### EXERCISE DIRECTIONS
Your answer should consist of the line holding "Christopher Moore (1790-1863)" and all lines after it to the end of the material, copied exactly.

Segment Start: DATA SEGMENT

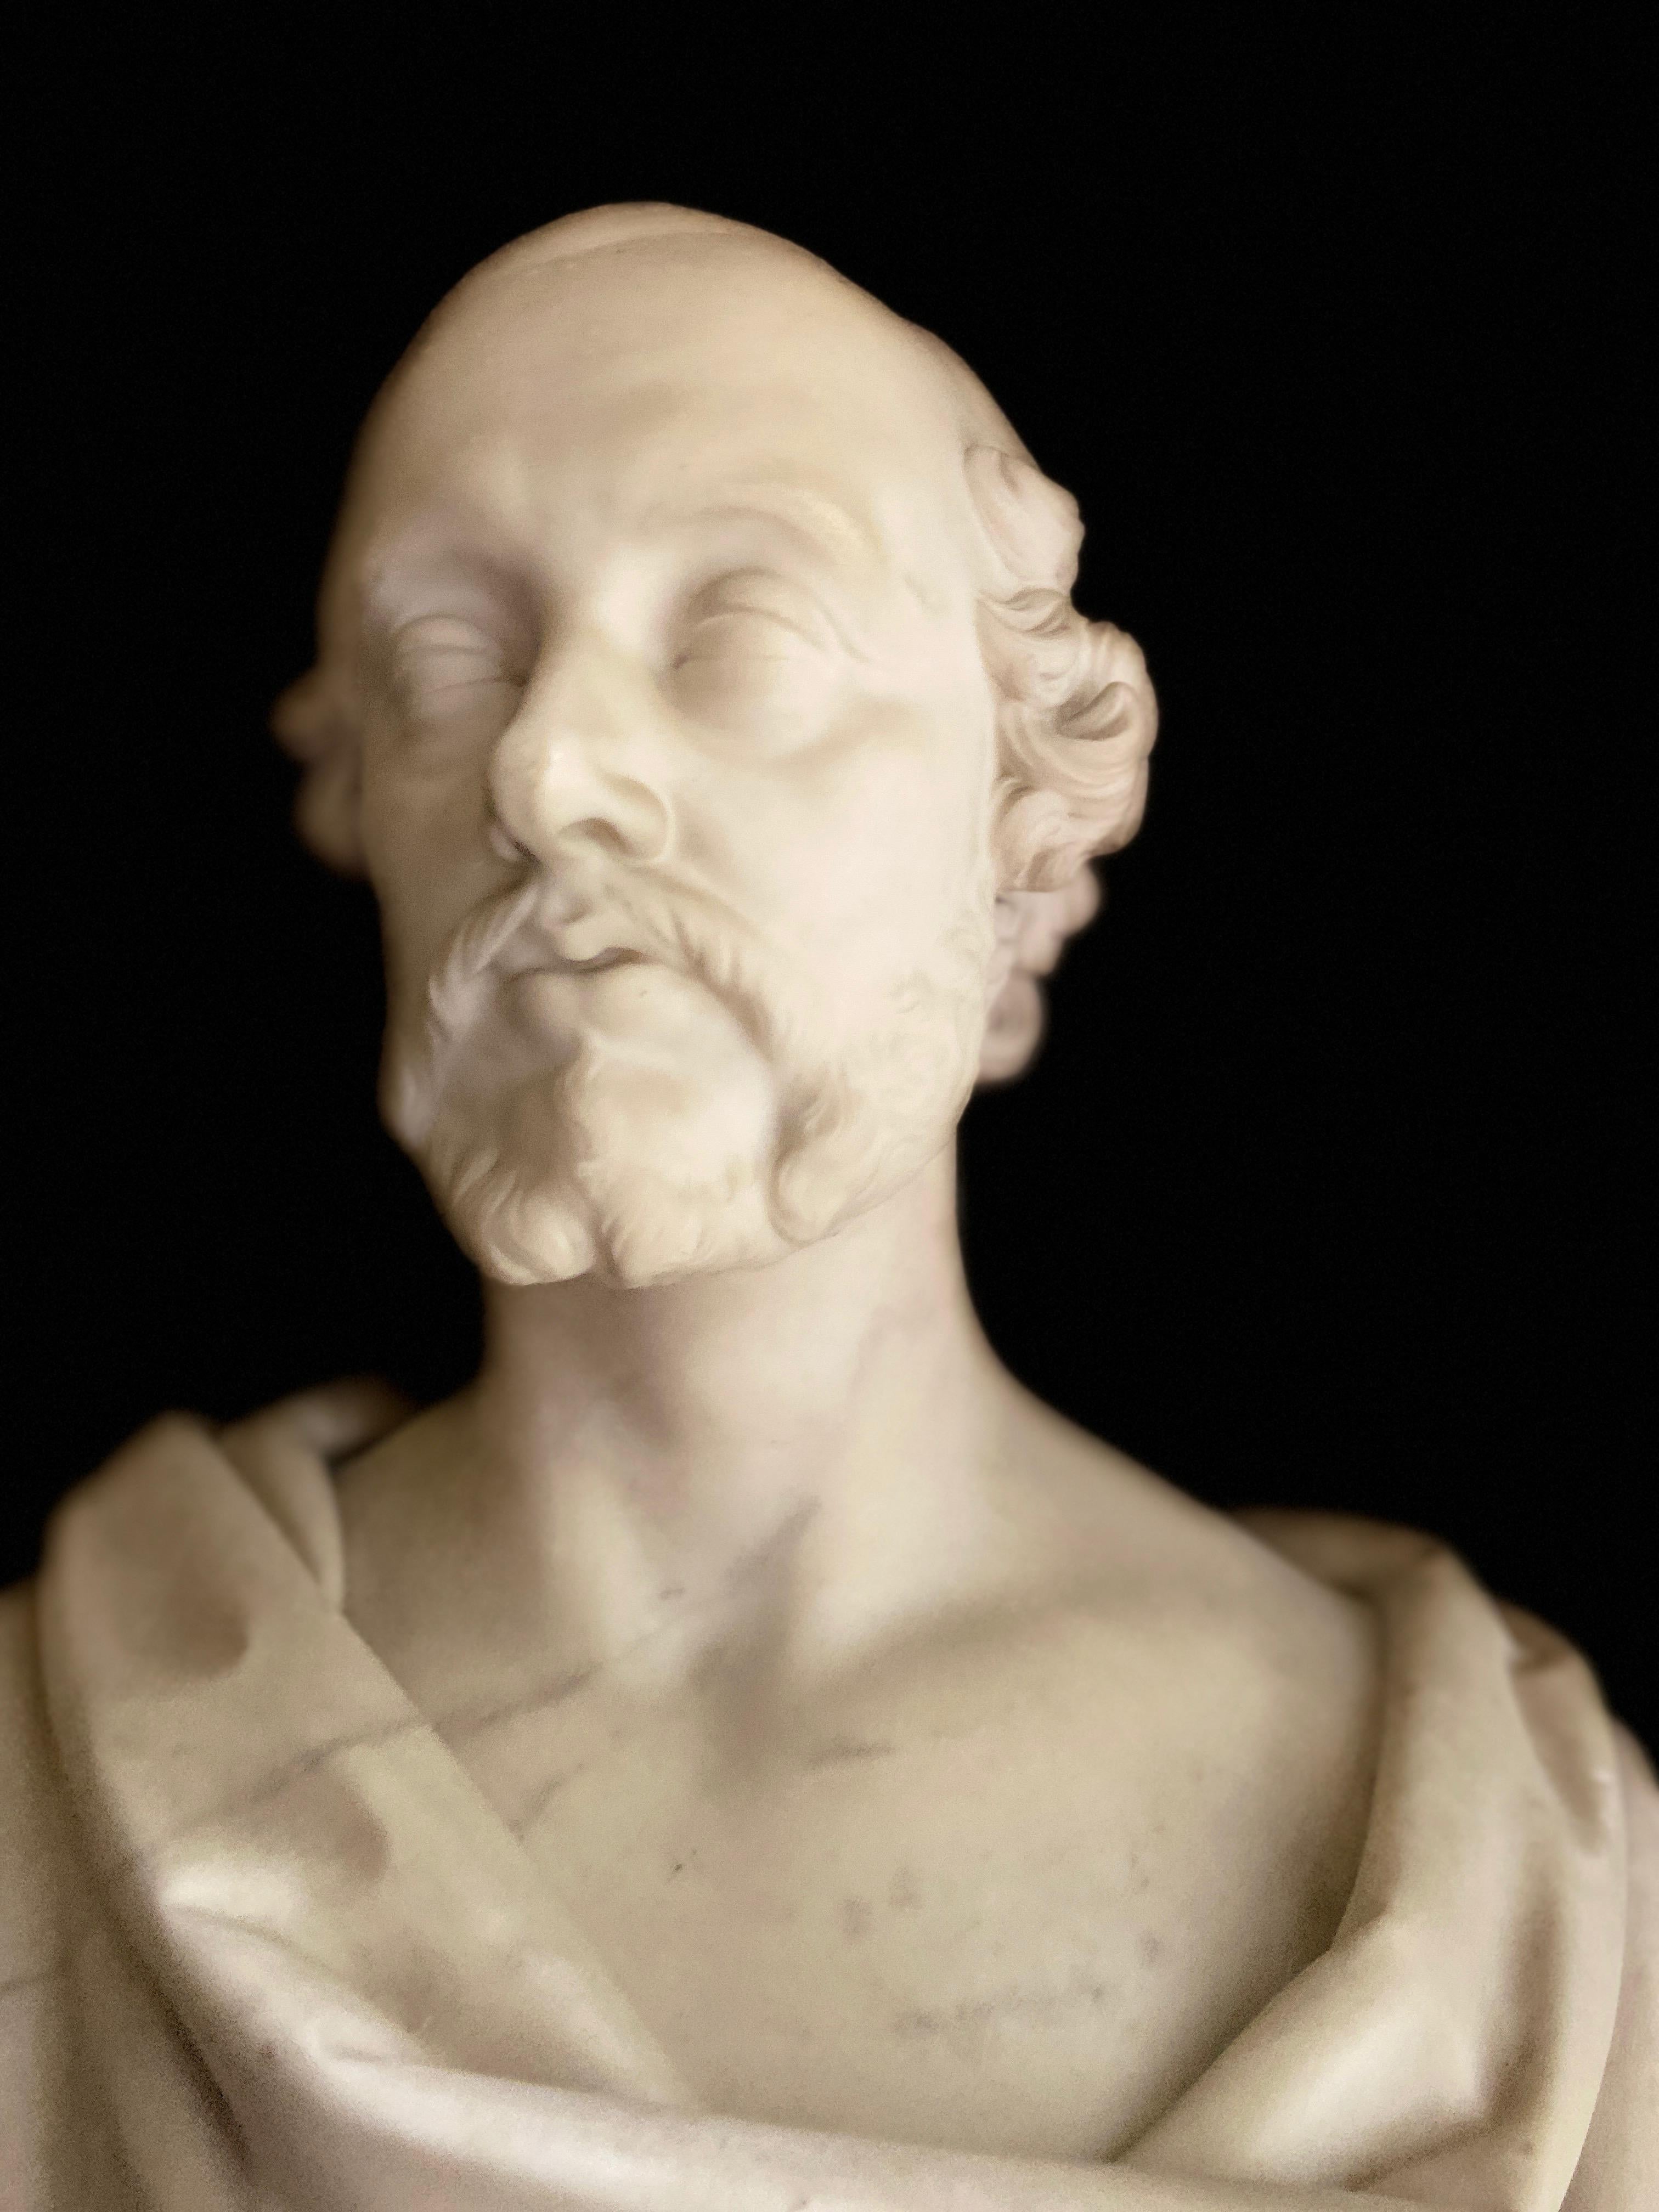 Bust of a statesman in white marble - dated 1852 - signed Christopher Moore.

Christopher Moore (1790-1863) was an Irish-born sculptor operational mainly in England in the 19th century.

He was born in Dublin in 1790. In 1819 he is listed as

Segment End: DATA SEGMENT

### RESPONSE TO THIS EXERCISE
Christopher Moore (1790-1863) was an Irish-born sculptor operational mainly in England in the 19th century.

He was born in Dublin in 1790. In 1819 he is listed as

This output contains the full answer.